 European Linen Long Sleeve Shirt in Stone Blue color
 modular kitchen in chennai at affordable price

...

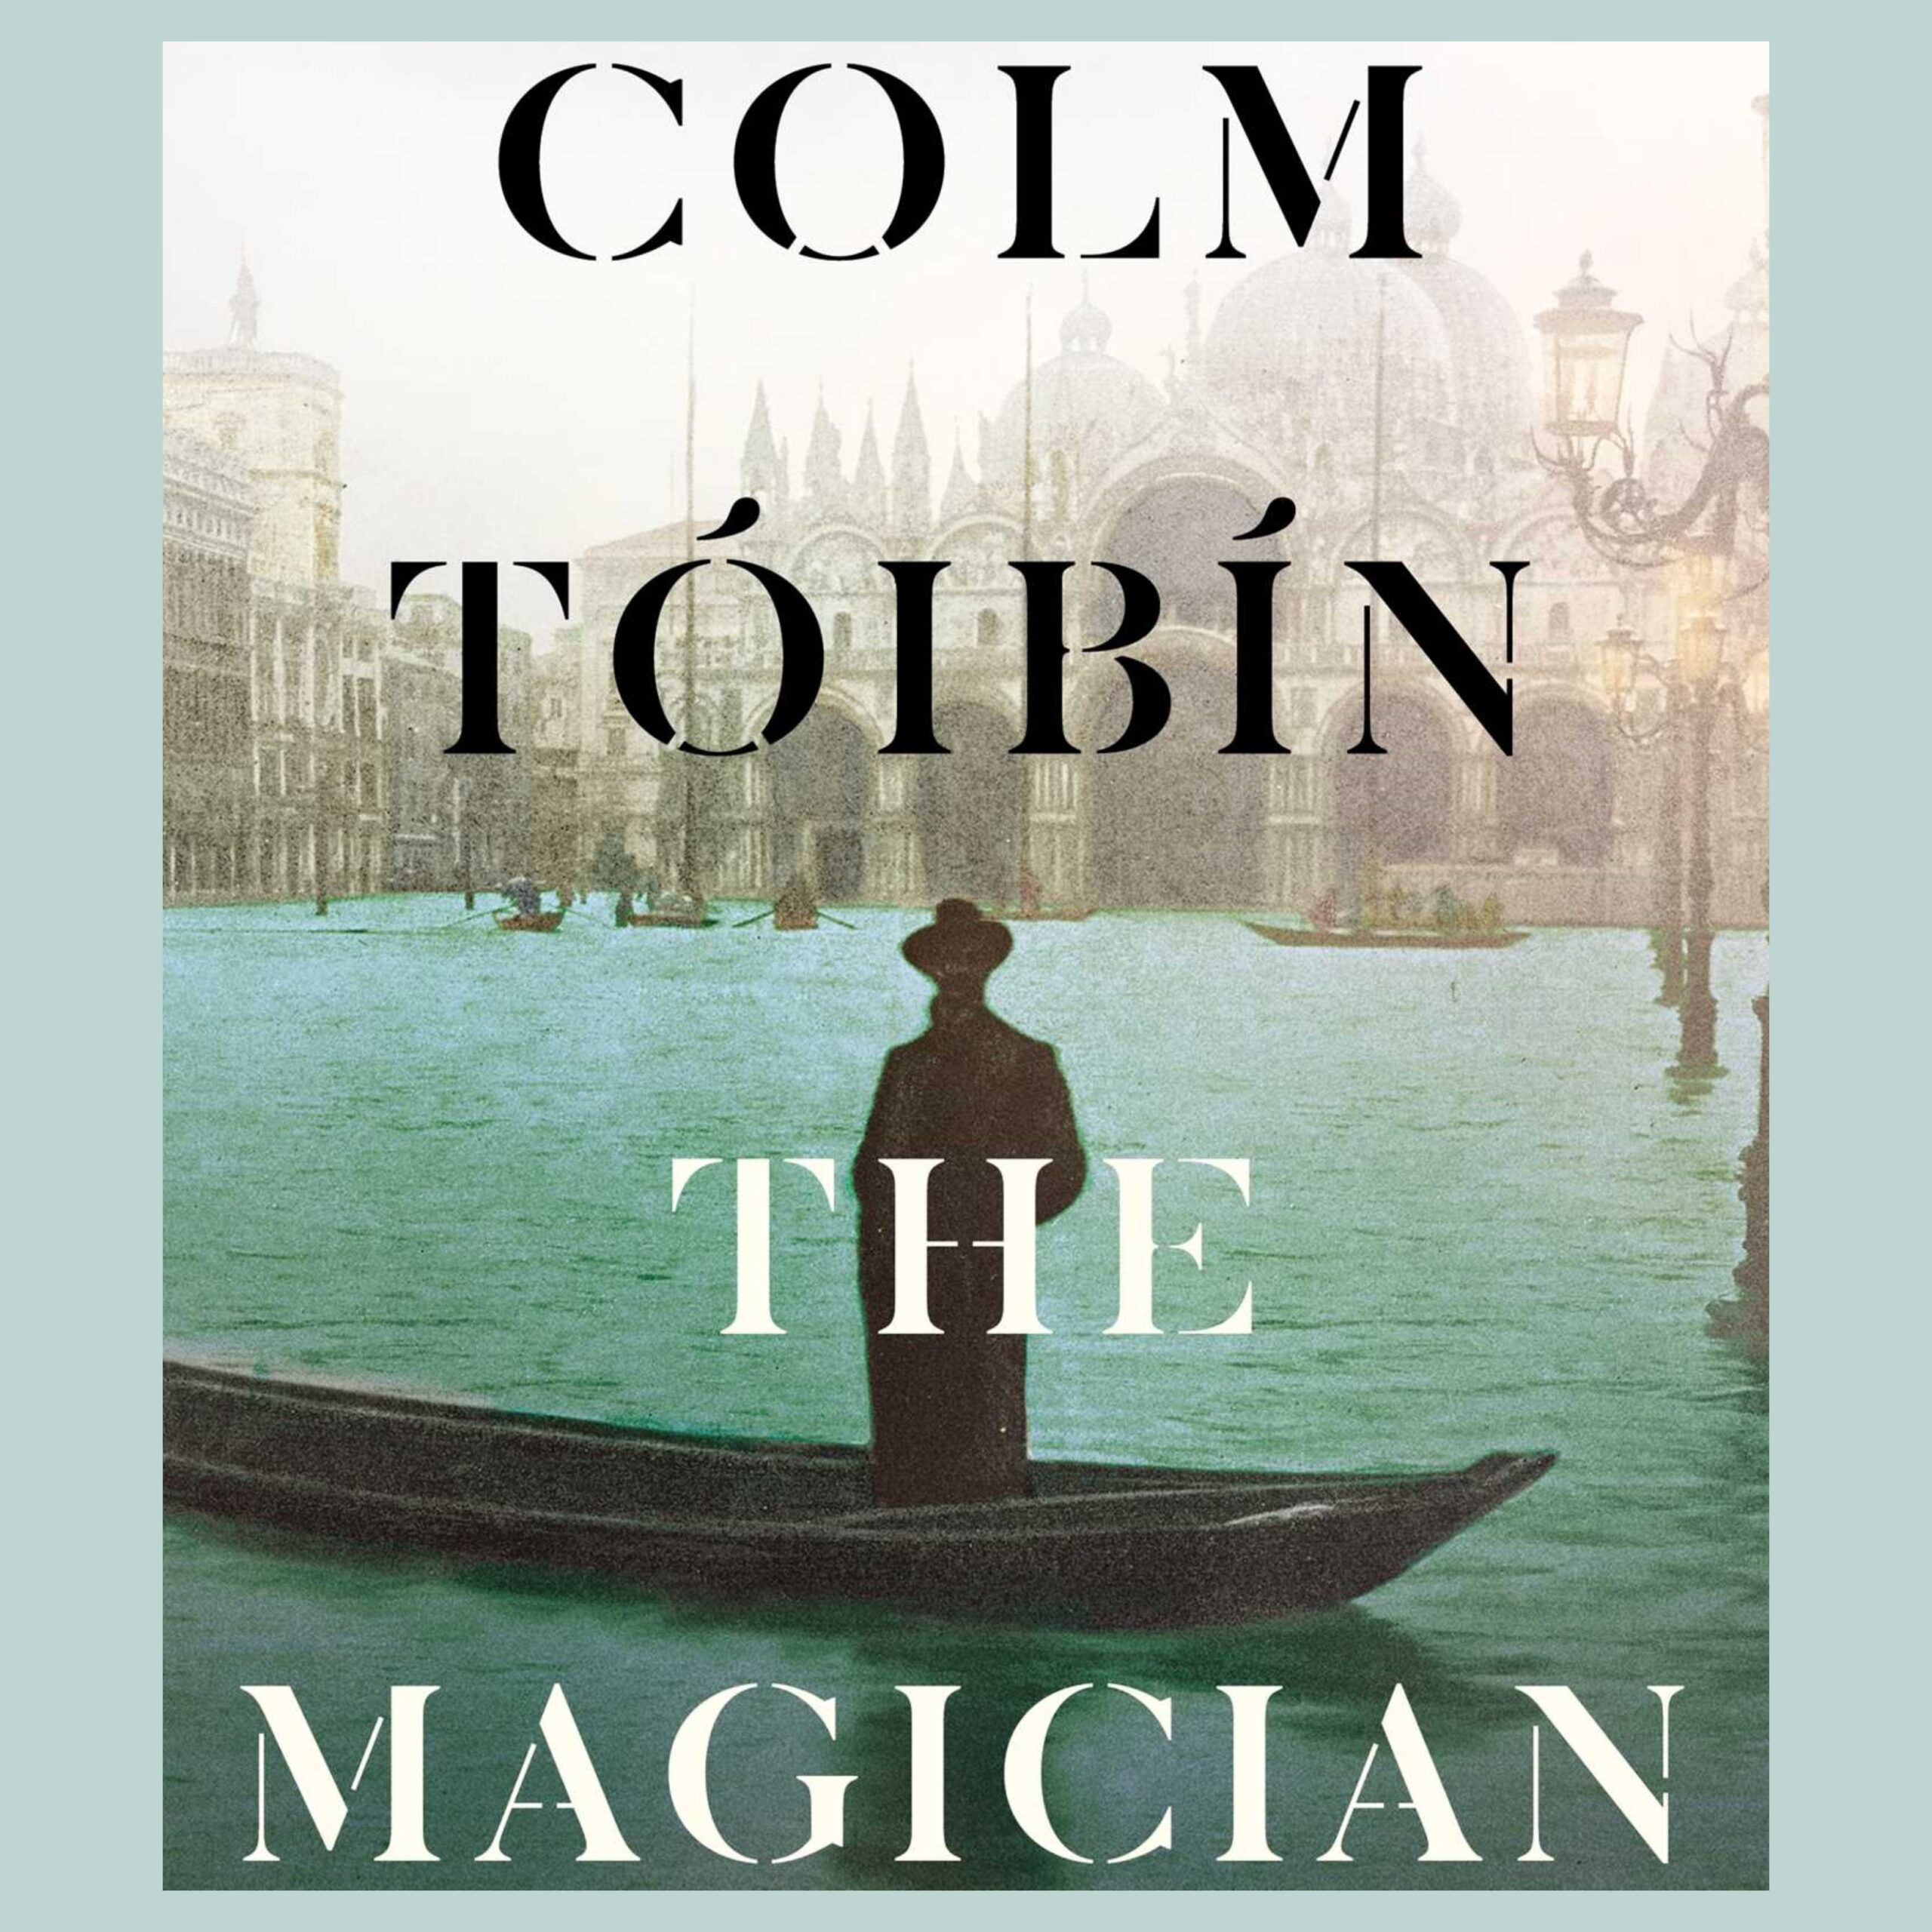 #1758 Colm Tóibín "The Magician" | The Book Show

▶ WHAT NEEDS TO BE DONE:
Copy out only the lines of the records above from the one with "European Linen Long" through the one with "modular kitchen in", exactly as they stand, both included.

▶ RESULT OF THE EXERCISE:
 European Linen Long Sleeve Shirt in Stone Blue color
 modular kitchen in chennai at affordable price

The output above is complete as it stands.